Ausência de controles de riscos, de planejamento sucessório, de tomadas de decisão com base em análise e não nos interesses pessoais ou familiares amplia as fragilidades e reduz a longevidade destas organizações
Marcos Rodrigues (*)
Responsáveis por 65% do PIB brasileiro, 75% da força de trabalho e 90% das cerca de 20 milhões de empresas do país (IBGE e Sebrae), as organizações familiares enfrentam inúmeros desafios que ameaçam sua longevidade. A maior parte deles poderia ser superada se não houvesse falta de governança corporativa. A ausência de controles de riscos, de planejamento sucessório, de tomadas de decisão com base em análise e não nos interesses pessoais ou familiares amplia as fragilidades e reduz a longevidade das empresas. Tanto que estatísticas dão conta que 70% destas organizações não sobrevivem à morte do fundador e apenas 5% chegam à terceira geração.
Os dados acima permitem uma conclusão: a estabilidade da economia e sustentabilidade do crescimento do PIB de longo prazo não dependem somente do governo, mas da profissionalização da gestão das empresas familiares. Os voos de galinha podem estar relacionados não só à intervenção estatal e políticas econômicas equivocadas que geram a volatilidade do PIB como também à falta de capacidade das organizações em se manterem por mais tempo no mercado.
É preciso lembrar como funciona o capital organizacional da economia. Existe um grupo de ativos intangíveis que norteia as relações de uma determinada empresa para com seus stakeholders ou agentes de relacionamento (internos e externos). Ao fechar as portas, a empresa leva consigo toda uma organização que envolve clientes, funcionários, fornecedores e a comunidade em torno desta organização. Isso simplesmente desaparece e preencher o vazio deixado é um processo lento.
Muito se fala da elevada carga tributária brasileira, corresponde a aproximadamente 35% do PIB. Inegavelmente este é um fardo que reduz a competitividade das companhias locais, mas também é uma realidade igual a todas. Diante deste cenário, fica a pergunta: se o ambiente é arisco e igual para todas, por que muitas empresas dão certo e o que leva a tantas outras a fecharem as portas? Neste sentido, há outro dado que se deve ter em mente: 15 empresas familiares brasileiras fazem parte da lista das 500 maiores empresas do mundo, de acordo com o ENEF – Encontro de Empresas Familiares.

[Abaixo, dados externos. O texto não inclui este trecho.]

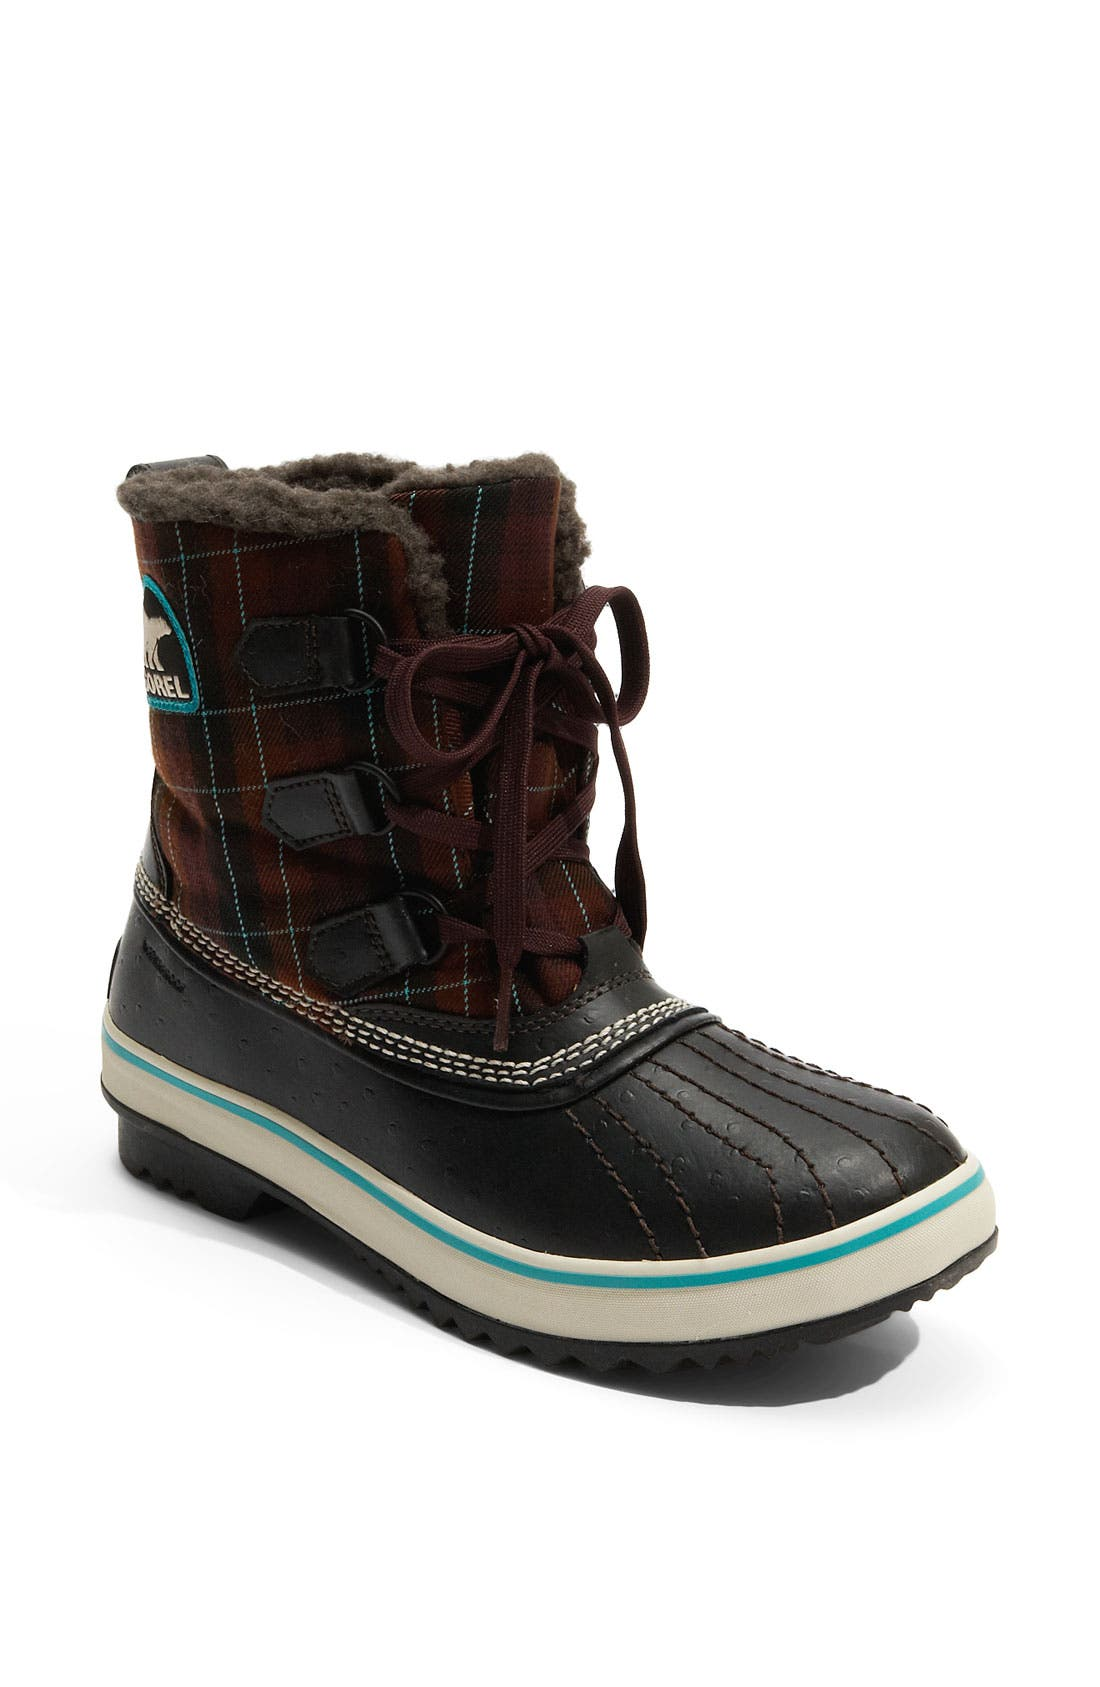 Alternate Image 1 Selected - SOREL 'Tivoli' Waterproof Boot

A diferença está no DNA da organização. Ser familiar não significa estar isenta de uma gestão profissional. Pelo contrário, as práticas de governança se tornam ainda mais essenciais, abrangendo questões como o controle de risco, regras para solução de conflitos e planejamento sucessório.

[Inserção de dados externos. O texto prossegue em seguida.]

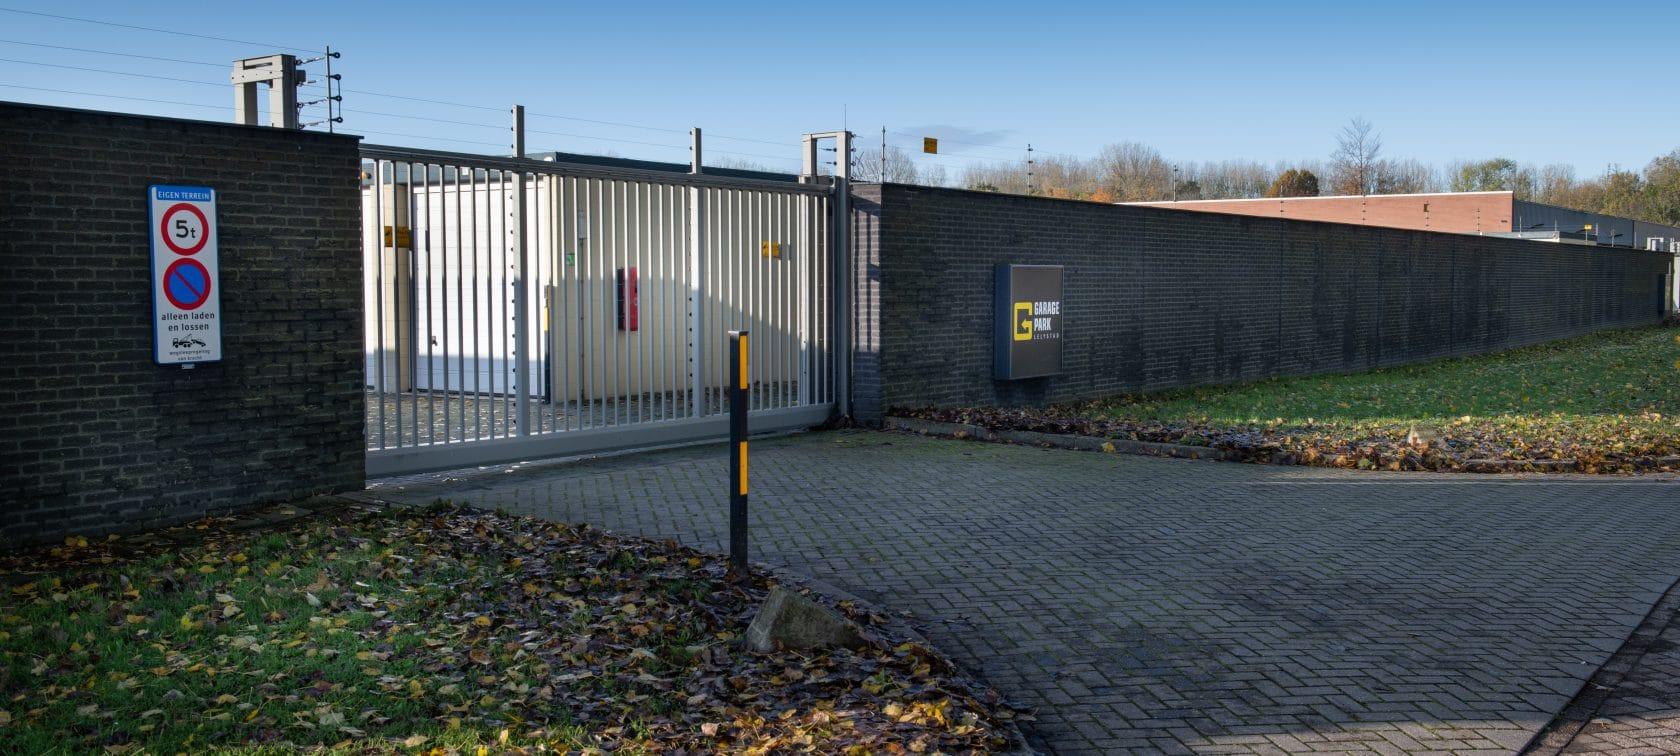 GaragePark Lelystad - Garageboxen Lelystad

É preciso observar que a governança corporativa em empresas de controle familiar não envolve apenas o âmbito da separação entre propriedade e gestão, mas também, o âmbito das relações entre família, patrimônio societário (propriedade) e empresa (gestão). Segundo levantamento do IBGC (Instituto Brasileiro de Governança Corporativa), realizado em 2019, 68,1% das empresas familiares têm mecanismos formais para garantir a separação entre o patrimônio da família e o da empresa. O percentual pode parecer elevado, mas se olharmos pelo outro lado, observamos que 31,9% das empresas ainda mesclam o dinheiro da família com dinheiro da empresa, o que é um erro crasso. Nesta pesquisa, o IBGC e a PWC ouviram 279 empresas brasileiras de controle familiar de capital fechado.
Sobreposição de funções
Outro fator preocupante é que as questões nestas organizações se tornam mais complexas, pois os membros da família sobrepõem funções dentro da empresa e um dos principais conflitos está no não alinhamento entre os objetivos econômicos e objetivos da família. Segundo o levantamento do IBGC, em 82,1% dos entrevistados na pesquisa, o diretor-presidente é um membro da(s) família(s) controladora(s). Além disso, quase metade deles (46,3%) é da primeira geração. Em 41,6% das empresas, todos os diretores são membros da família.
Este é outro fator preocupante, pois uma empresa tipicamente familiar tem maior probabilidade de violar os elementos nos quais se pauta a tradicional governança corporativa e, neste caso, sua sobrevivência também é ameaçada, assim como parte do PIB se perde.
Para evitar conflitos como estes é preciso trazer uma visão externa, estabelecer regras e controles. Deve-se, simplesmente, virar a chave e pensar na longevidade da empresa, ao invés de buscar o controle absoluto. A governança corporativa é um processo, uma trilha de longo prazo. Não basta só adotar algumas medidas para facilitar o acesso ao crédito ou aumentar o valor da marca na famosa postura “para inglês ver”, como muitos se comportam por aí.
Tal como uma terapia, adotar a governança requer uma mudança de essência e o caminho é árduo. Ao mesmo tempo, a trilha garante a longevidade da companhia e a sustentabilidade econômica.